Something to think about

Reflection on Covid-19 (21/5/20)

Rowan Williams to Synod 23/11/10

A reflection on the Covid-19: at the request of the Tang Foundation 21/5/20

https://www.tang-prize.org/en/media_detail.php?id=1382

In Spanish: https://www.diarioconstitucional.cl/articulos/reflexiones-de-la-pandemia

All the king’s horses and all the king’s men

Not being a medical expert or an epidemiologist, I will not write about the illness and the struggle to mitigate or overcome it; my reflections are those of one of the many lay people, who are shocked amid the devastation of so many lives, and the staggering changes in most aspects of life which, in many countries, everyone has had to get used to. The pandemic inflicts suffering and deprivations. It also undermines confidence in the future, frustrating hopes and plans, leaving us confused and disoriented. There are, however, also encouraging changes, often accelerating processes that were in train before the pandemic. One I particularly welcome is the introduction by the National Health Service in England of video visits with one’s doctor. Like all innovations it can be used badly, but it can also improve the ability of doctors to help their patients. Perhaps more important than specific innovations is the way people have come together to help their communities to cope with the pandemic. Along with the spirited social mobilization and increased mutual concern, is the realization, even among some former skeptics, of the importance of leadership and government to give direction to the public response to the illness, and its debilitating effects. Unfortunately, the pandemic also created more opportunities for arbitrary political power; a painful example is the denial of women’s ability to obtain abortions or to use fertility clinics. No less depressing has been the increase in domestic abuse, and the growing manifestations of racial and ethnic prejudices, of chauvinism and intolerance.

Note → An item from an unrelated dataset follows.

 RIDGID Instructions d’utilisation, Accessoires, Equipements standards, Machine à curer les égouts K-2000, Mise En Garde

Would a post-pandemic time see a return to life as we knew it or will the profound trauma we are undergoing now change life in far-reaching ways? I tend to think that the changes will be considerable, and the longer the pandemic lasts the greater they will be. New ways of doing things, some adopted because people think that they improve on the old ways, and many adopted as worse, but necessary to cope with the pandemic, will take root. The cost of abandoning them will be great, and for many people who have got used to them, they are, as we say, the new normal. To give one possible example: corporations employing thousands of office workers may discover enormous savings made when their employees work from home. New ways of using offices to keep workers interacting personally and functioning as teams will be devised, perhaps bringing everyone to the office once week, and a struggle will begin to improve the conditions of working from home. A considerable impact on public transport and road traffic, on the cost of both commercial premises and residential accommodation will ensue, possibly shifting more urban services and facilities away from the centre, etc. My point is that the changes need not be planned, they are more likely to emerge as people make the best they can of the conditions forced on them.

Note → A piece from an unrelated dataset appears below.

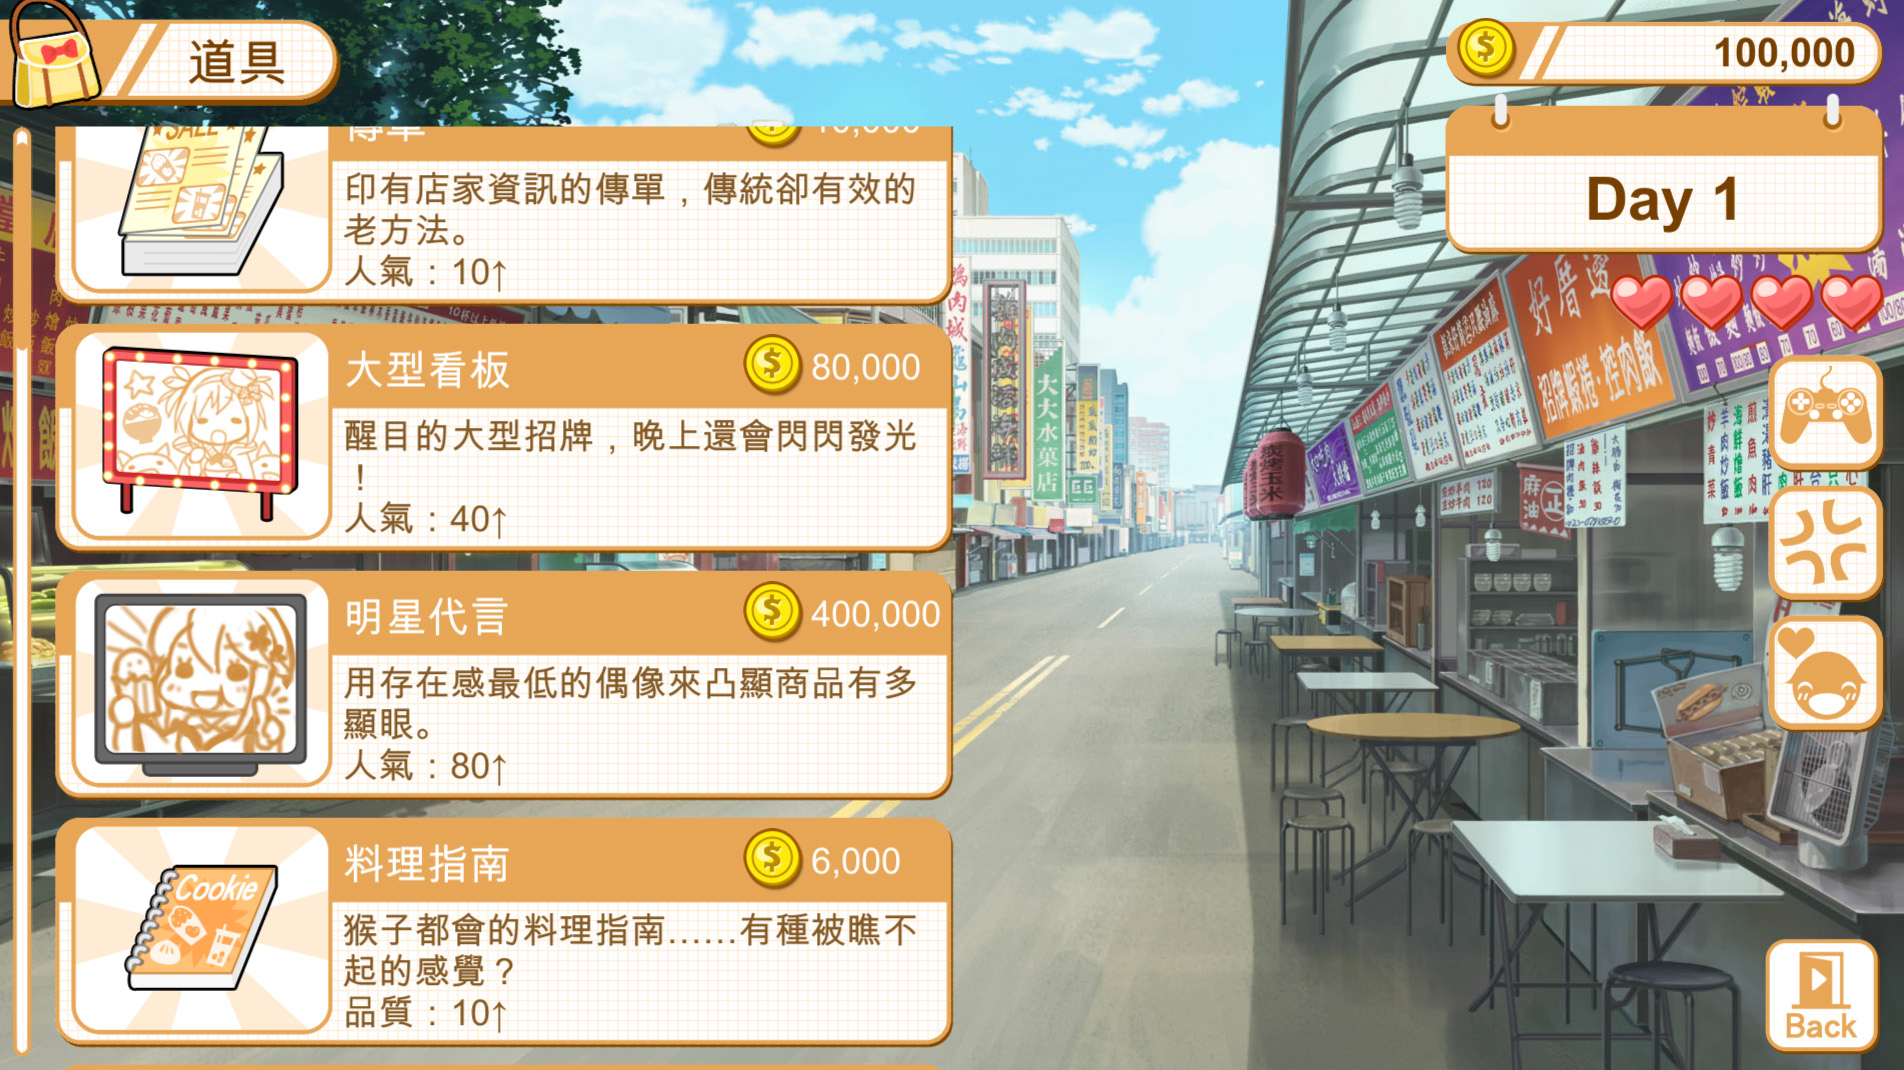 【经营SLG/中文】食用系少女 v1.08 Steam官方中文版【2.4G】

Will the changes bring improvements or aggravate the ills of societies? Impossible to know, but there is reason to think that to find our orientation in the changed conditions our very criteria for judging social practices will have to change. A few comments on three issues can illustrate the point.


1) Globalization, meaning here close manufacturing and trading ties, extensive cultural exchanges and interlinked news media, made the pandemic possible, and is crucial to its suppression. Recent months saw efforts to extend and cement international co-operation. They also saw an explosion of chauvinism and festering hostility, often based on invented conspiracy theories, spread by leaders eager to escape responsibility by casting blame on other countries, and striving to increase their influence worldwide by undermining international co-operation. It is likely that the current popularity of isolationism will be both short-lived and yet deeply influential. Given the many ways in which events in one part of the globe affect people in faraway countries, the incentives to influence events beyond ones borders, inconsistent with isolationism, would be powerful. The most effective way of doing so is through negotiated agreements, involving give and take by all, that is by co-operation. Pre-pandemic international practices and institutions were unstable and led to many undesirable consequences, because they tended to enhance the power of some countries, or sections within them, in ways which compromised the ability of others to meld co-operation with respect for the local cultures, and the local traditions of fostering civic loyalty and co-existence. That is why the pandemic-fostered isolationism may yield new forms of co-operation which are more respectful of the plurality of cultural traditions across the world and, may integrate them in the international arrangements rather than suppress them. Paradoxically, the growth of isolationism in the US, and its retreat from its alleged role of world leadership may, if we are lucky, facilitate experiments in finding a new balance between autonomy and co-operation in the international field (and introduce higher standards of human and environmental welfare and climate control). The US may not wish to see that happening, and China may be drawn to a cold war against the US. To secure a more stable and just global co-operation much depends on the resolve of the rest of the world.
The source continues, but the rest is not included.